§ **Instructions for the task**:
Reproduce the listing that follows word for word, without its pictures.
Supplied material Start Marker
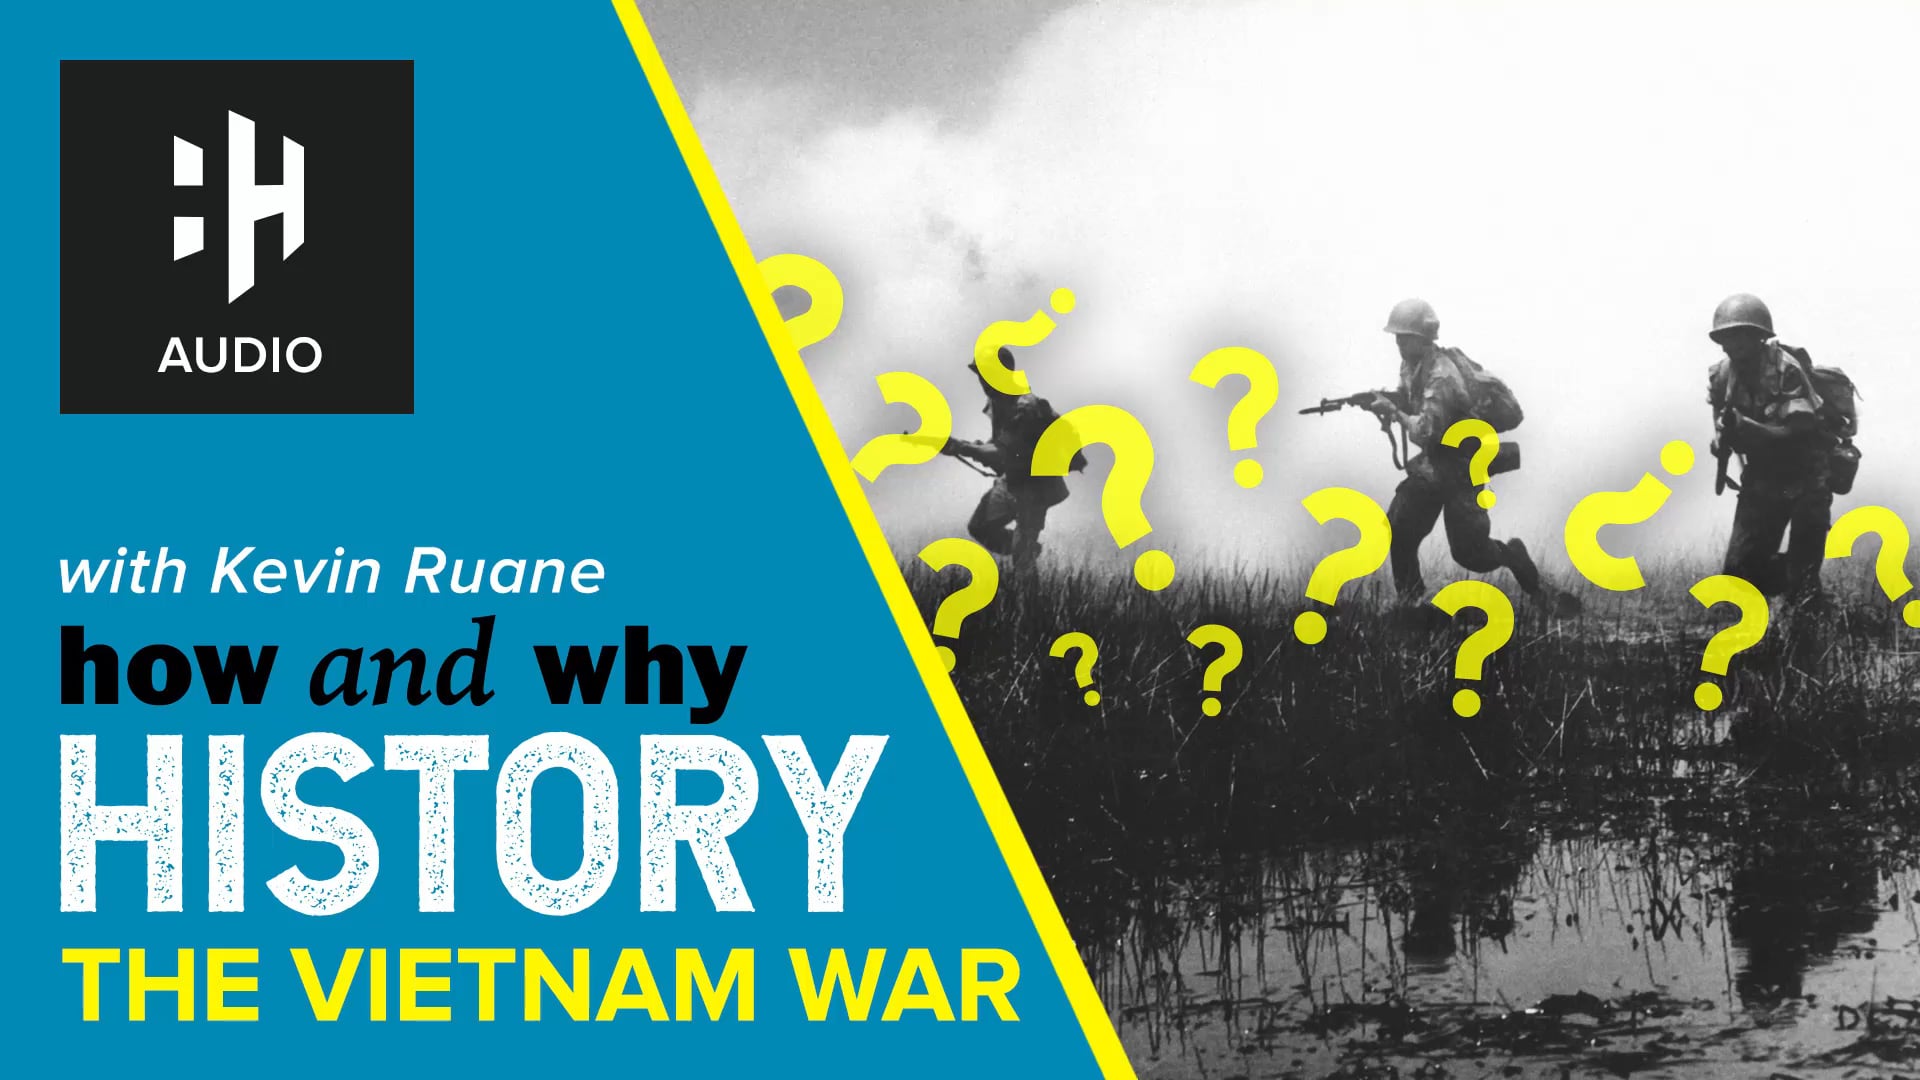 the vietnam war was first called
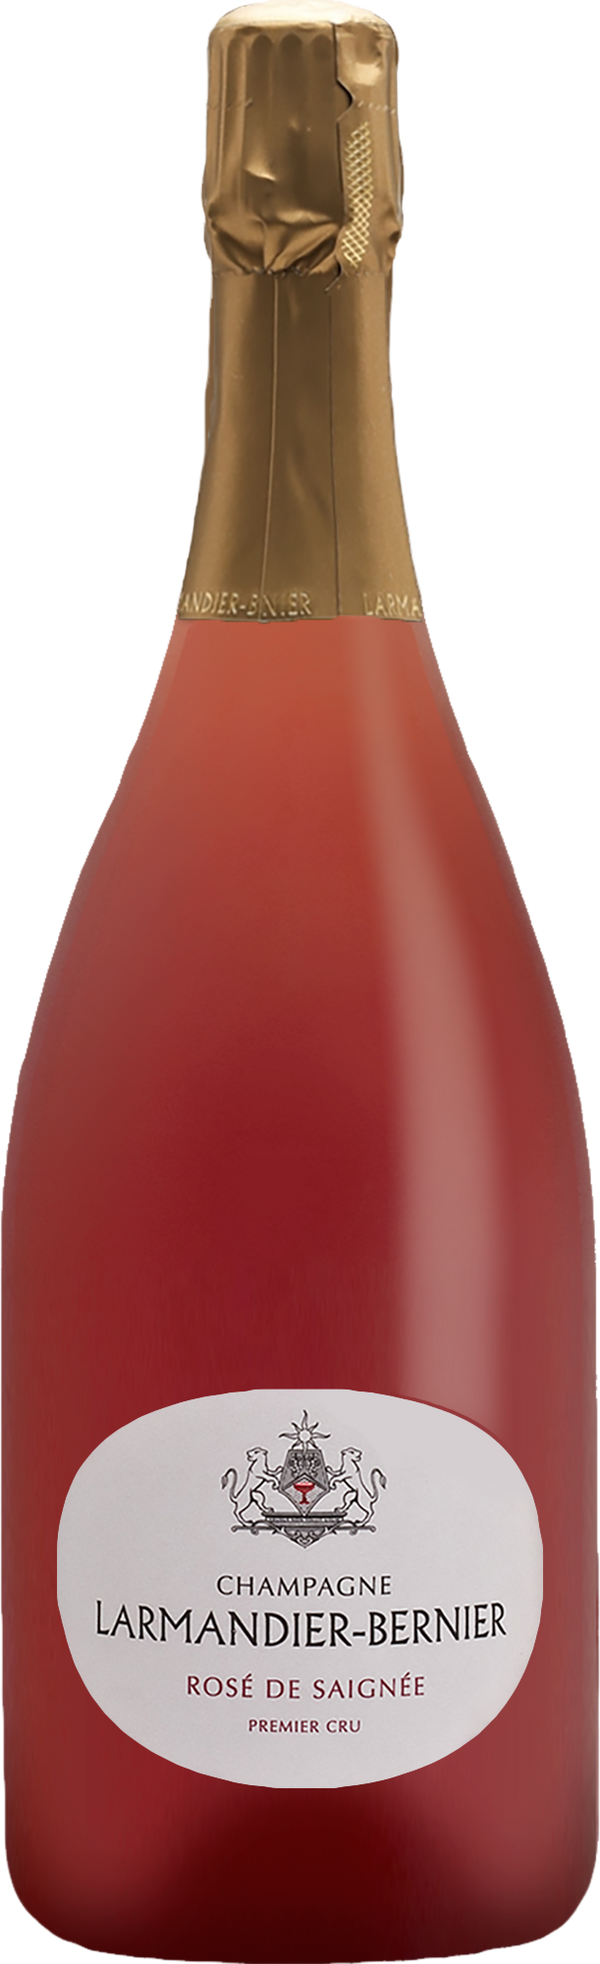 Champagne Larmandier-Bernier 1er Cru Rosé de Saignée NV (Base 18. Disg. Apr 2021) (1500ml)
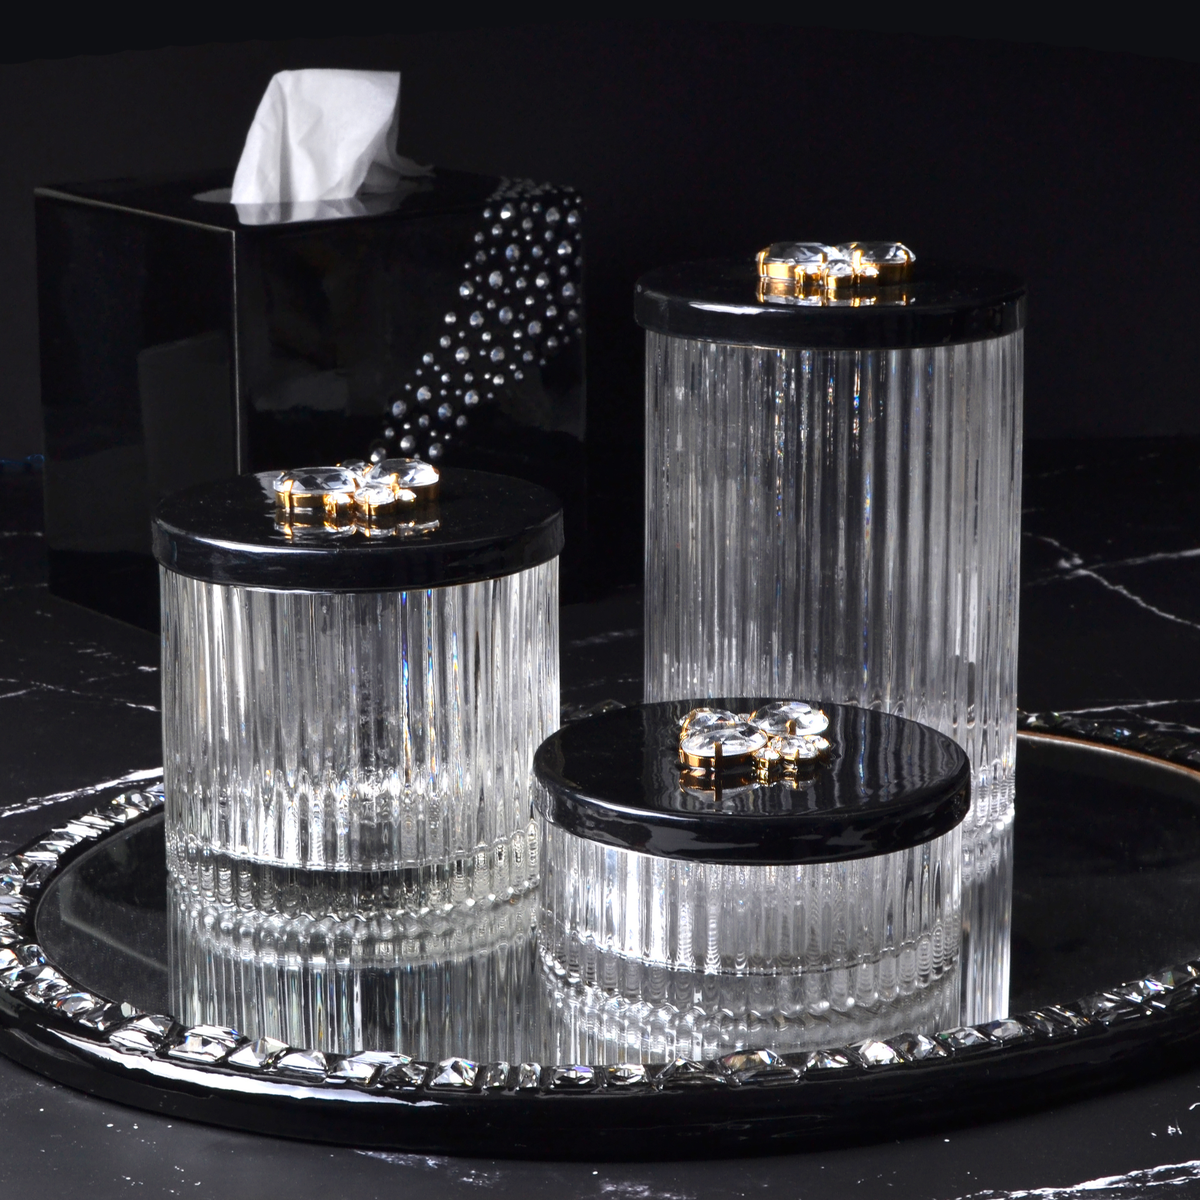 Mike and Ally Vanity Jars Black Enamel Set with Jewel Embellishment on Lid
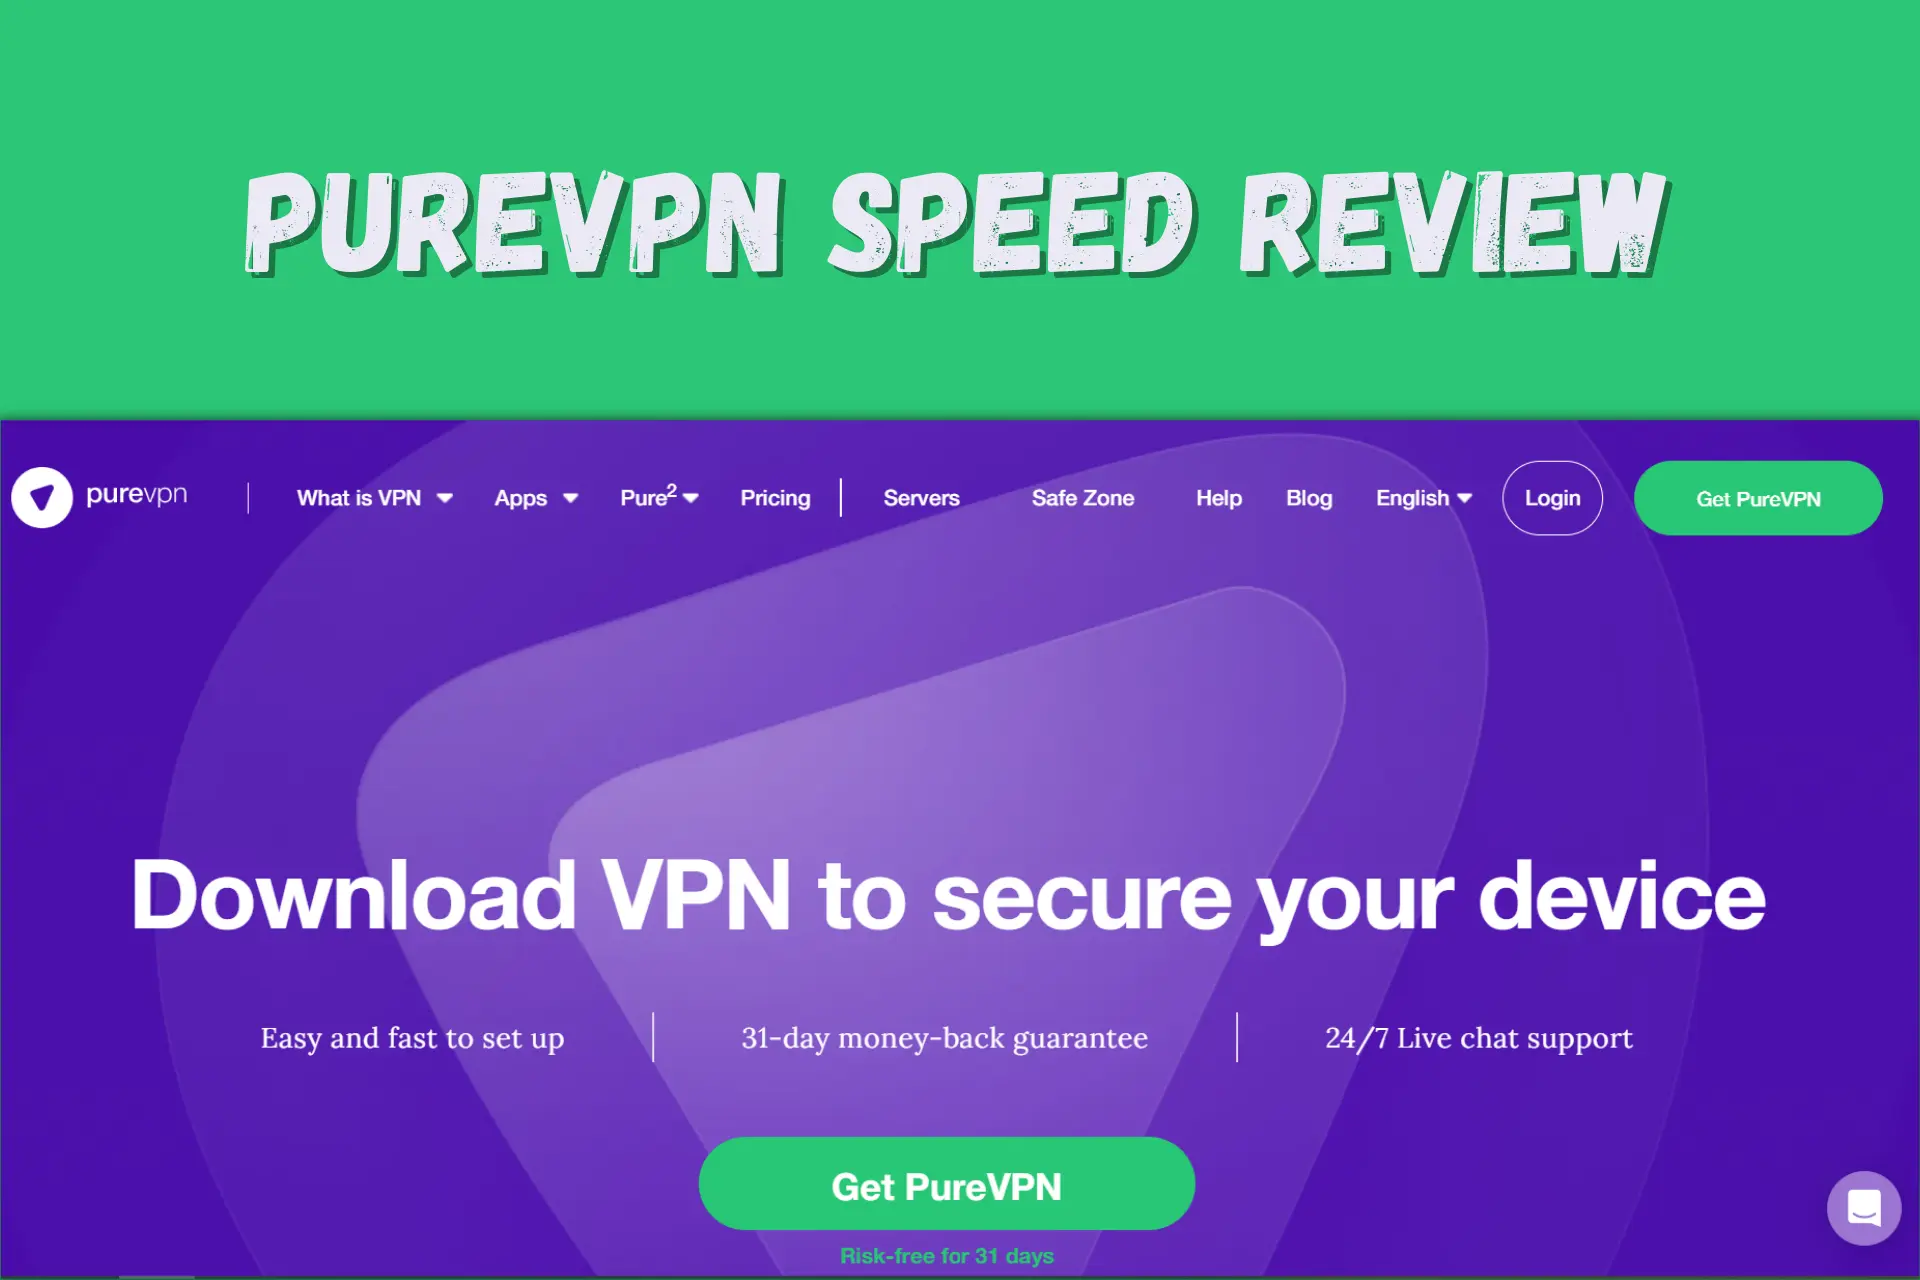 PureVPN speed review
Supplied material End Marker
§ **Output for this task**:
 the vietnam war was first called
 Champagne Larmandier-Bernier 1er Cru Rosé de Saignée NV (Base 18. Disg. Apr 2021) (1500ml)
 Mike and Ally Vanity Jars Black Enamel Set with Jewel Embellishment on Lid
 PureVPN speed review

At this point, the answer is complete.